Events are also relatively easy as well as short. :

  • The class name is unchanged Event.
  • We need to localize the time for that we can add a new property _tz to the EventScraper class.

(I will take the example of mi events for clarity, in the meantime it is recommended to have a look at this: MI events diff )

  1. Update imports and class definition:

    # old
    from billy.scrape.events import Event, EventScraper
    
    # new
    from pupa.scrape import Scraper, Event
    
    and
    
    # old
    class MIEventScraper(EventScraper, LXMLMixin):
        jurisdiction = 'mi'
    # new
    class MIEventScraper(Scraper):
        _tz = pytz.timezone('US/Eastern') # 'US/Eastern' is timezone for mi, you have to google the timezone for the state you are working on, available timezones in pytz can be seen with "pytz.all_timezones".
    
  2. Just like we’ve done before, add the new class instance to metadata.

  3. Update scrape method:

    The logic here will be almost identical to what you did in the bill,vote scraper.
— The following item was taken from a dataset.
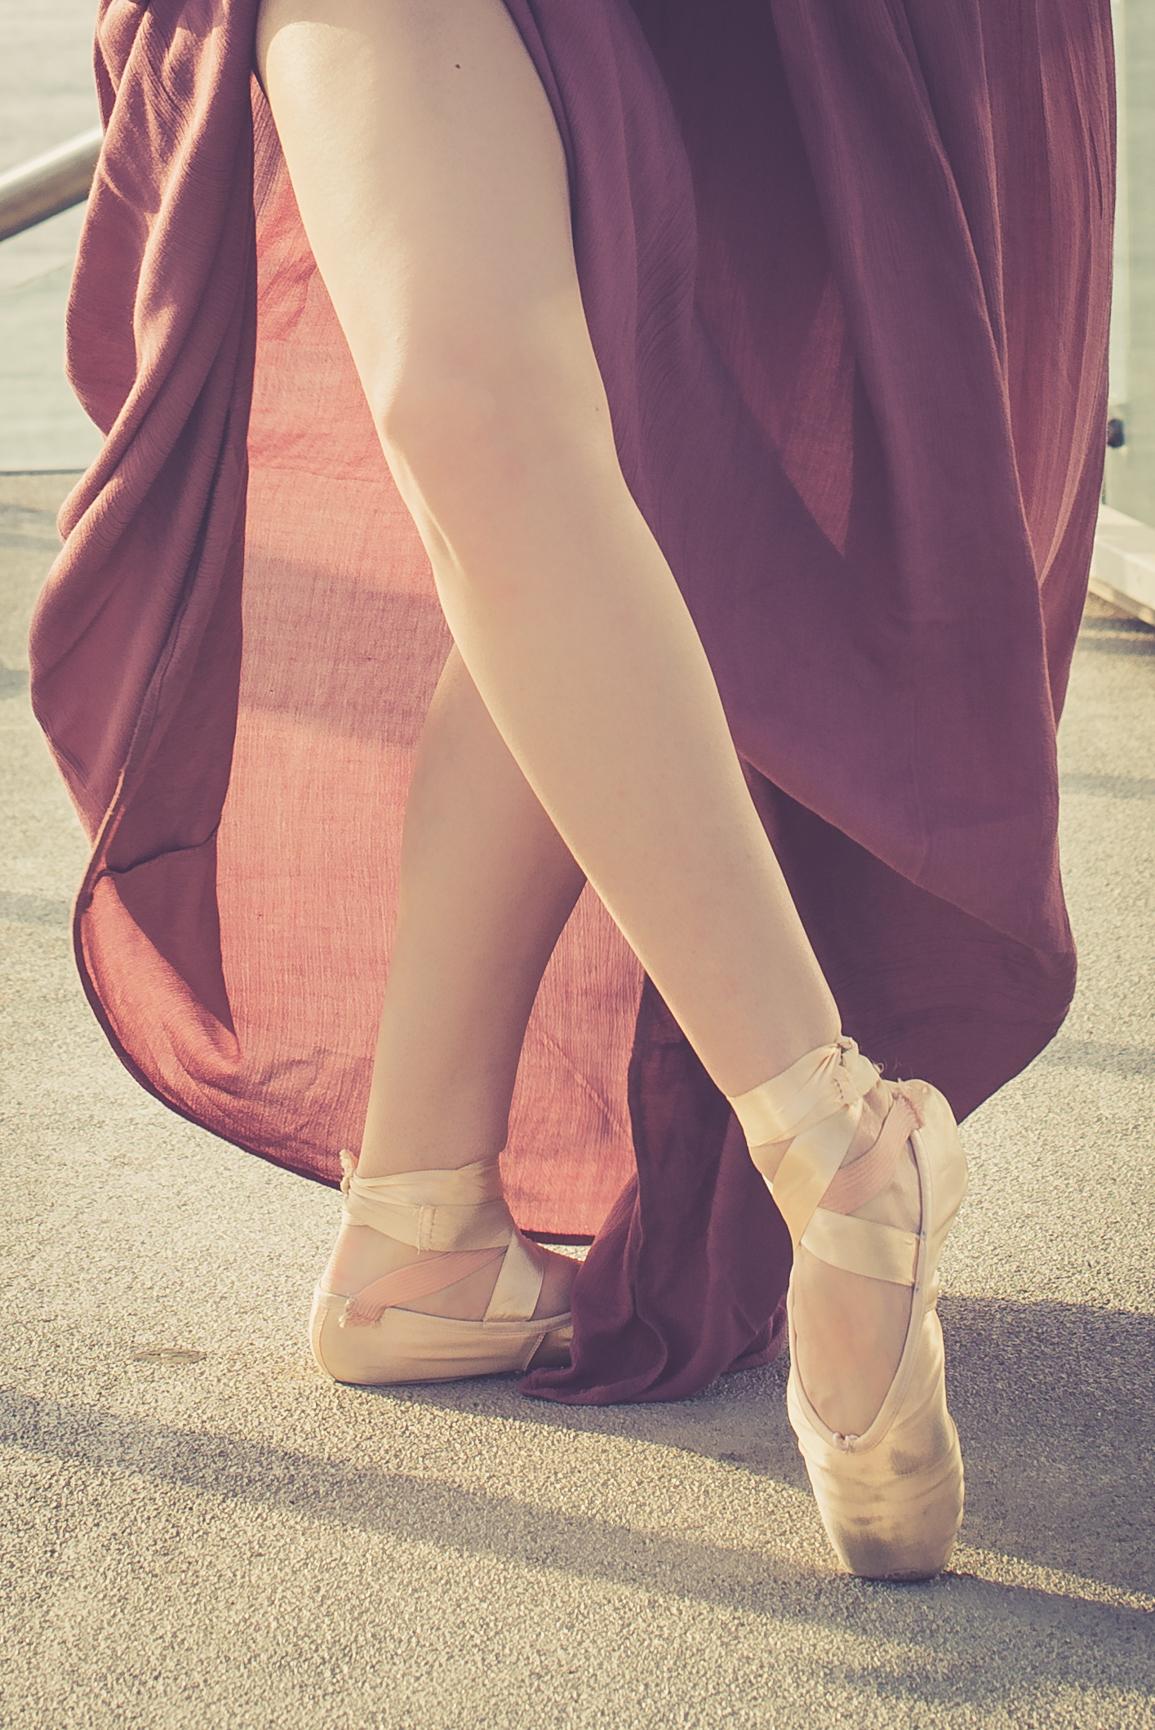 Caro_Ballerina-31.jpg

Note that we need it to scrape the latest session’s votes by default. yield event instead of using self.save_event(event).

  4. Update usage of Event:

    The old Event constructor took a ton of parameters:

    # old
    Event(session, datetime, 'committee:meeting', title, location=where)
    

    Be careful, too, since many of the older scrapers pass these parameters in by position alone; it’s easy to make mistakes in their order when converting.

    The new Event requires all parameters to be passed by keyword:

    # new
    event = Event(
            name=title,
            start_time=self._tz.localize(datetime),
            timezone=self._tz.zone,
            location_name=where,
            )
    

    add_source will not change for the new Event.

    Adding participants have not changed much:

    # old
    event.add_participant('chair', chair_name, 'legislator', chamber=chamber)
    
    # new
    event.add_participant(chair_name, type='legislator', note='chair') # Here type can be anything "legislator"/"committee" etc, note can also be "chair"/"host" etc.
    

    Adding related Bill to the event:

    # old
    event.add_related_bill(
            bill_id=related_bill,
            type='consideration',
            description=relation
    )
    
    # new
    item = event.add_agenda_item(relation)
    item.add_bill(related_bill)
    

    Adding agenda to the event, previously were passing agenda as a parameter directly to event at definition time:

    # old
    Event(..,agenda=agenda,..)
    # new
    event.add_agenda_item(agenda)
    

Ensuring code quality

Along with the conversion from billy to pupa, we’re also using the flake8 utility to ensure code quality. To check for code quality warnings, add your state directory to the flake8.sh script. Then run ./flake8.sh and fix any warnings it reports.